10.Risk of malignancies and chemopreventive effect of statin, metformin, and aspirin in Korean patients with ulcerative colitis: a nationwide population-based study
Eun Hye OH ; Ye-Jee KIM ; Minju KIM ; Seung Ha PARK ; Tae Oh KIM ; Sang Hyoung PARK
Intestinal Research 2025;23(2):129-143
Background/Aims:
We investigated the incidences of overall and site-specific malignancies and chemopreventive effects of statin, metformin, and aspirin in patients with ulcerative colitis.
Methods:
We collected data using the Health Insurance Review and Assessment claims database from January 2007 to April 2020.
Results:
The overall malignancy risk among the 35,189 ulcerative colitis patients was similar to that of the general population (standardized incidence ratio, 0.94; 95% confidence interval, 0.88–1.00). In male patients, standardized incidence ratios were high for thyroid cancer and low for stomach cancer, colorectal cancer, liver cancer, and lung cancer. Concurrently, standard incidence ratios were high for liver cancer and central nervous system cancer in female patients. While 122 cases of colorectal cancer occurred in the study patients, the standardized incidence ratio was 0.83 (95% confidence interval, 0.69–0.99).

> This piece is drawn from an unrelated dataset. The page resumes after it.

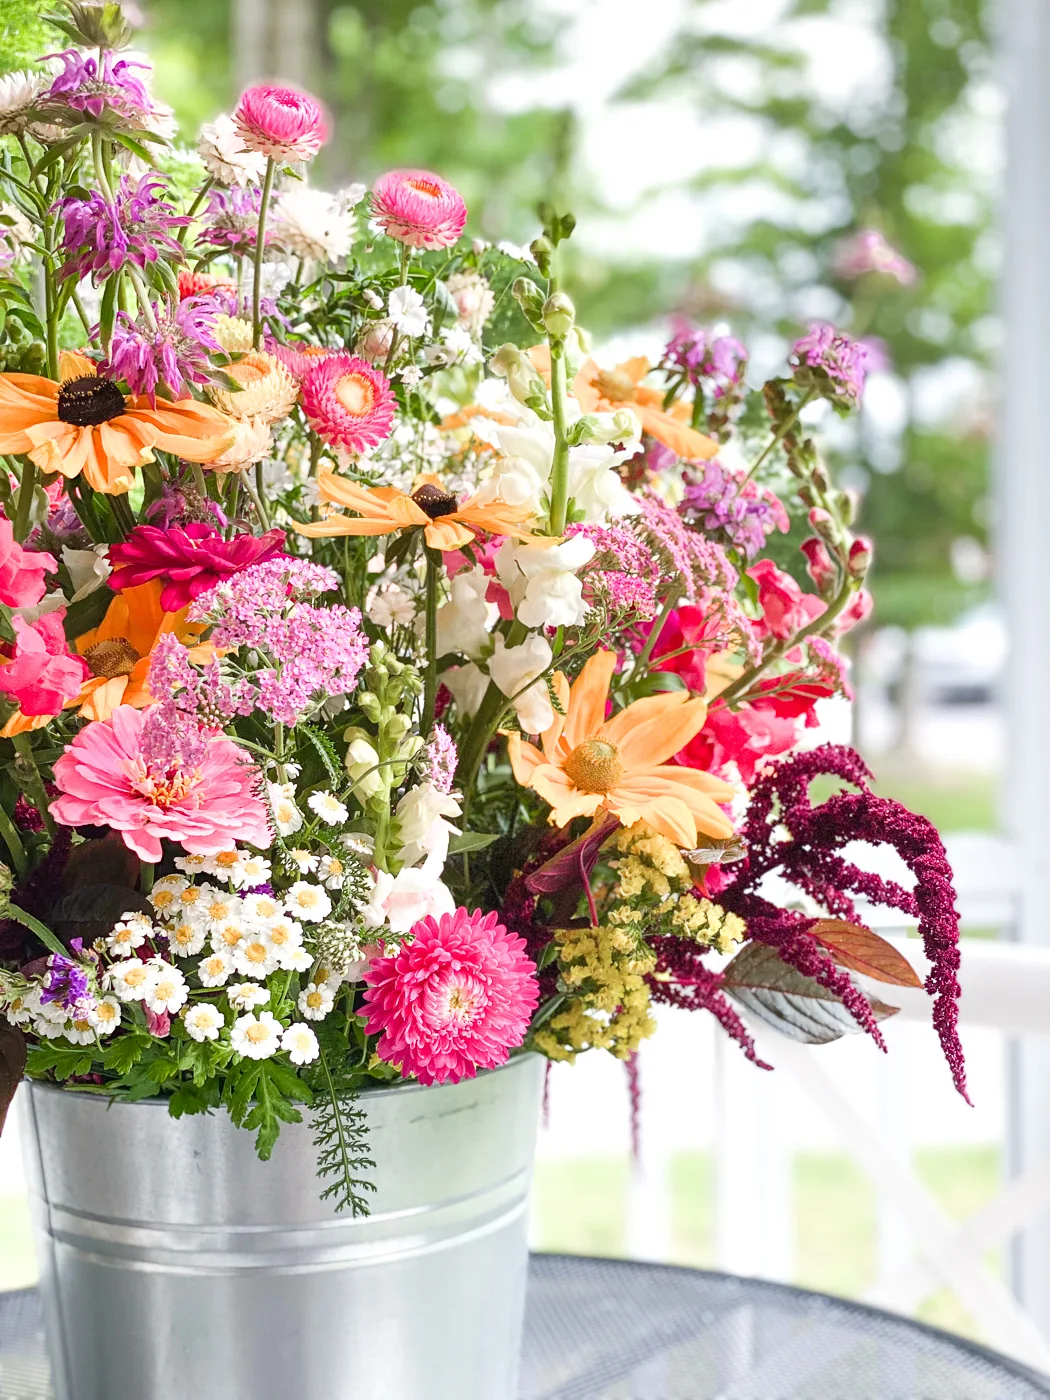 cut flower arrangement, flowers from a cutting garden, summer garden flowers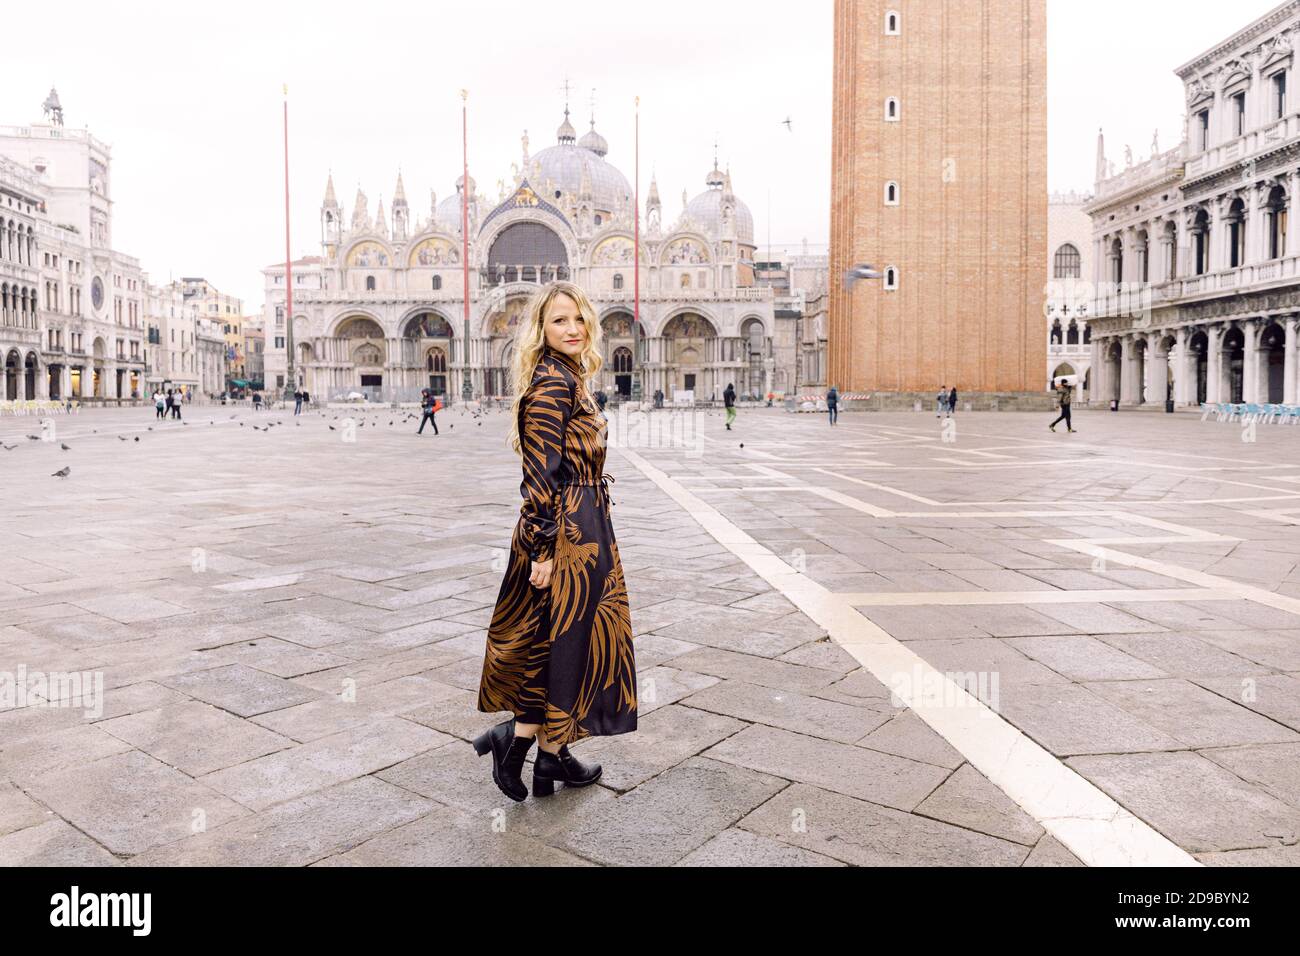 Mujer rubia mirando la cámara, con un largo vestido oscuro caminando en la Piazza San Marco, Venecia, Italia Foto de stock

Treatment for ulcerative colitis was not associated with an increased adjusted hazard ratio, while comorbidities increased it for all malignancies. Treatment for ulcerative colitis was associated with an increased adjusted hazard ratio, while comorbidities did not increase it for colorectal cancer. After adjusting for age, sex, comorbidities, and ulcerative colitis treatment, statins showed a dose-dependent chemopreventive effect for all malignancies (P=0.002), while metformin and aspirin did not show any.
Conclusions
In ulcerative colitis patients, standardized incidence ratios for all malignancies and colorectal cancer did not increase. Adjusted hazard ratios for all malignancies increased with comorbidities and those for colorectal cancer with ulcerative colitis treatment. Statins have a dose-dependent chemopreventive effect for all malignancies.